Korrekturen der Wirklichkeit

Korrekturen der Wirklichkeit

Doppelaustellung Daniela Hoferer und Su-Ran Sichling

Die gestickten Bildwelten von Daniela Hoferer sind Montagen, die Motive aus den unterschiedlichsten Kontexten, Zeitebenen oder Regionen zu einem neuen Gefüge verweben. Die Motive finden sich oft im Alltag, werden zunächst fotografisch eingefangen.
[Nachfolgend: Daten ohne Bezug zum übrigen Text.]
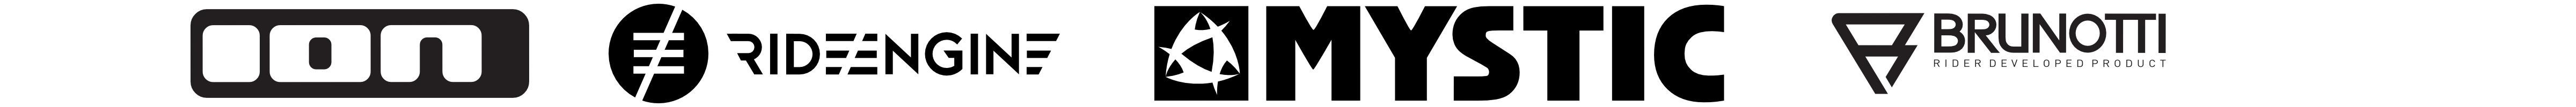 LogoLitesTrapeze

Dabei fällt die Auswahl oft auf Personen, Architekturen oder Objekte, die in den vorgefundenen Szenerien nicht eingebunden zu sein scheinen oder die seltsam beziehungslos wirken – Einzelgänger gewissermaßen.
Ebenso stehen Szenen, die an ritualisierte Handlungen erinnern, Kostümierungen oder Trachten, die ihren Ursprung in einer gemeinsamen kulturellen Praxis vermuten lassen und normalerweise das Gefühl von Beheimatung evozieren, im Gegensatz zum Moment der Entfremdung oder der Beziehungslosigkeit, den die Protagonist:innen in den Bildern ahnen lassen.

Su-Ran Sichling widmet sich in ihren Arbeiten diesen Zonen des Dazwischens aus einer anderen Perspektive: Es sind die unüberwindbaren Grenzen, seien sie materiell-sichtbar (als Zaun, Grenzline oder Abgrenzung der Privatsphäre) oder immateriell-mental, die über Inklusion und Exklusion zwischen Individuen aber auch innerhalb einer Gesellschaft entscheiden. Sie unterliegen kulturellen Setzungen oder auch konventionellen Wahrnehmungsmustern. Es bedeutet allerdings auch, dass sie veränderbar oder – im besten Fall – überwindbar sind.

Der Titel zur gemeinsamen Ausstellung ist angelehnt an ein Zitat von Siegmund Freud. Freud schreibt hier, dass nicht der Glückliche, sondern der Unbefriedigte phantasiert. Dass jede Wunscherfüllung eine Korrektur der unbefriedigenden Wirklichkeit sei.

Dementsprechend finden sich bei Hoferers mehrmonatigem Stickprozess die einzelnen Bildelemente wieder auf einem gemeinsamen Grund. Der Bildraum wird zu einem Ort der Konfrontation, der Vernetzung und Vermittlung. Diese Einbettungsversuche sind mitunter auch Ausdruck einer Hoffnung auf einen Austausch über geografische, kulturelle und geistige Grenzen hinweg und ein mögliches Verstehen.

Auch einige von Sichlings Arbeiten formulieren einen Idealzustand, in dem sich Grenzen verflüssigen und in dem eine Gesellschaft hierarchielos neu hinzukommende Menschen in sich aufnimmt. Ein gangbarer Weg, so ihre Überlegung, könnte über das menschliche Tun geschehen – als eine immer mögliche wiederkehrende, wirkmächtige Einschreibung in das vorgefundene Umfeld.